I'm sure the guidelines exist for a reason, but it's so much harder for my brain to parse meaning in text with half-sentence chunks. I want as much of a complete sentence on screen as possible. (I do read faster than most dialogue is spoken, which I imagine to be the main issue with this approach, but that's on me.)

At some point I decided these subtitles were only for me and mine so there was no point in strictly adhering to these rules. And that I could put in whatever dumb shit I wanted.

Having Fun With It (SPOILERS AHEAD)

Disclaimer: I do not speak Japanese. I am not a professional translator in any capacity whatsoever. My only credential is that I've been blogging about anime for over a decade and have a vague sense for what I like in a translation/localization.

That said, at this point I've probably watched the movie more times than literally anyone who'd be reading this post and have a decent understanding of the plot. I felt it was appropriate to edit some of the subtitles for the Japanese lines. They're my subtitles and I can do whatever the fuck I want! I can change shit completely and nobody can stop me!!

A couple things, I judged to be straight-up mistakes. For example, while Brooklyn is looking for parts to repair GUNHED:


(On the video is the sub track the file came with, below is my edit.)

If you watch enough mecha (or have played Metal Gear Solid [side note: Brenda Bakke's character in this movie was the model for Holly White in Metal Gear 2]) you know that a vulcan is a type of gun. Technically it's a specific model of rotary cannon, but it's become a generic term used in various media like Gundam or Mega Man Battle Network. The katakana is バルカン (ba-ru-ka-n), so you could see how phonetically you could end up with Balkan. In context of this being a dumb mecha movie though? It's definitely vulcan and I have zero doubts about this.

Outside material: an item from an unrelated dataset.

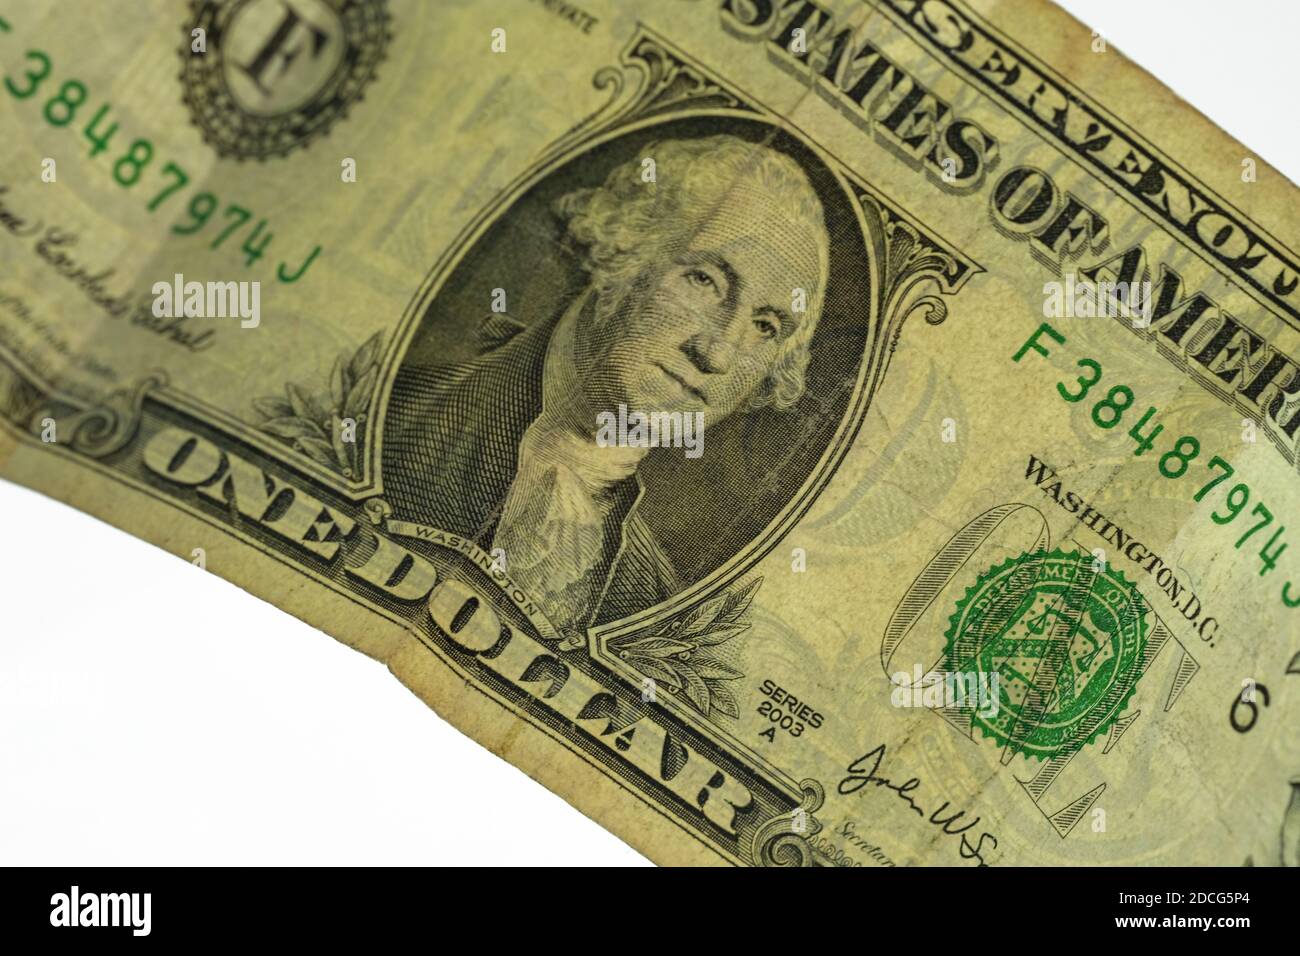 Aged One us dollar bill close up,money bills financial concept Stock Photo

Other spots I edited for clarity. Here, Brooklyn's telling Nim over coms that bad shit is happening. She responds (in English) with a curt, "So?" He says (in Japanese), "だから" (da-ka-ra, "so/therefore"), repeating it incredulously in a sort of "excuse me?!" tone.

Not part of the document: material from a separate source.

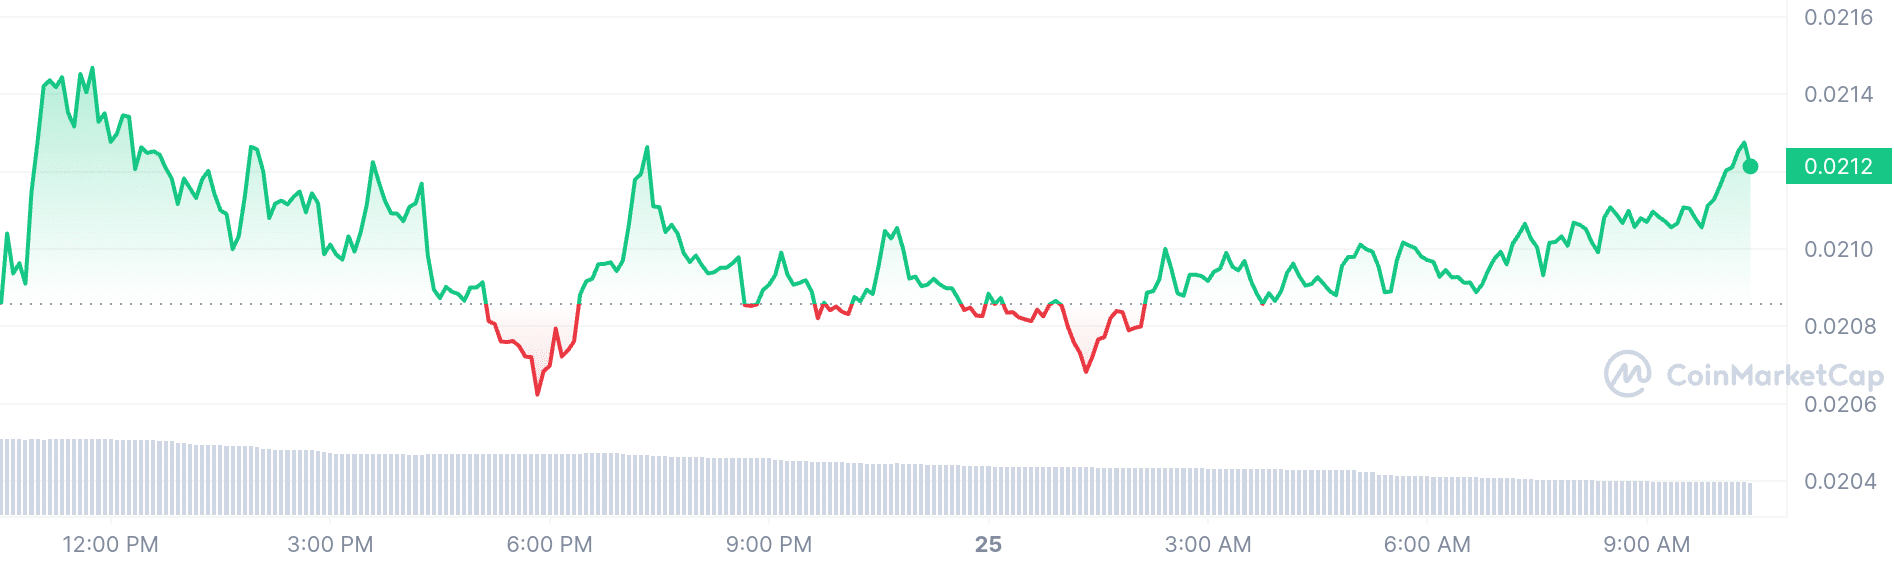 JasmyCoin price chart

The original subtitles just seem confusing to me in context and don't feel like the kind of thing you'd say in a back-and-forth conversation. This type of exchange happens at least one other time, and I changed it there too.

And sometimes I edited lines just because I felt like I could punch up the script. This one got actual hooting and hollering from viewers who hadn't seen the movie before:

A character at the beginning of the movie says as a joke that the old whiskey shipped to Island 8JO decades ago "used to make the robots dance". This scene felt like a direct callback to me, so I made the change accordingly to create a setup and payoff. Considering the reactions, I think it was the right move.

Conclusion

I have now seen GUNHED enough times piecemeal that I could quote like half the movie to you. I can call out the exact scene cut where you should pause so the Discord chat can take a bathroom break. I have genuinely contemplated buying the GUNHED anniversary plamo. It's now on my shortlist of "movies to put on the TV if everyone is too mentally blasted to think about anything and you just need something dumb for external stimulus" because I feel intimately familiar with it.

...It's honestly really not that good of a movie.

I also definitely have a newfound respect for sub groups everywhere. I - granted, a first-timer -took like 7-9 hours of focused work to do this, and most of it was already done for me. You're telling me that people transcribe, translate, time, and edit a whole episode of tokusatsu within 24 hours of airing? Every week? That's skilled labor! I'm even more pissed about Crunchyroll's alleged "$80 per episode" rates.

Last, well, it was a fun and interesting project to keep my mind occupied for a while. If you do feel like watching GUNHED, then maybe give my subs a shot, perhaps even compare them with the original track. Again, you can grab the subtitle file here. Enjoy, and let me know how it went!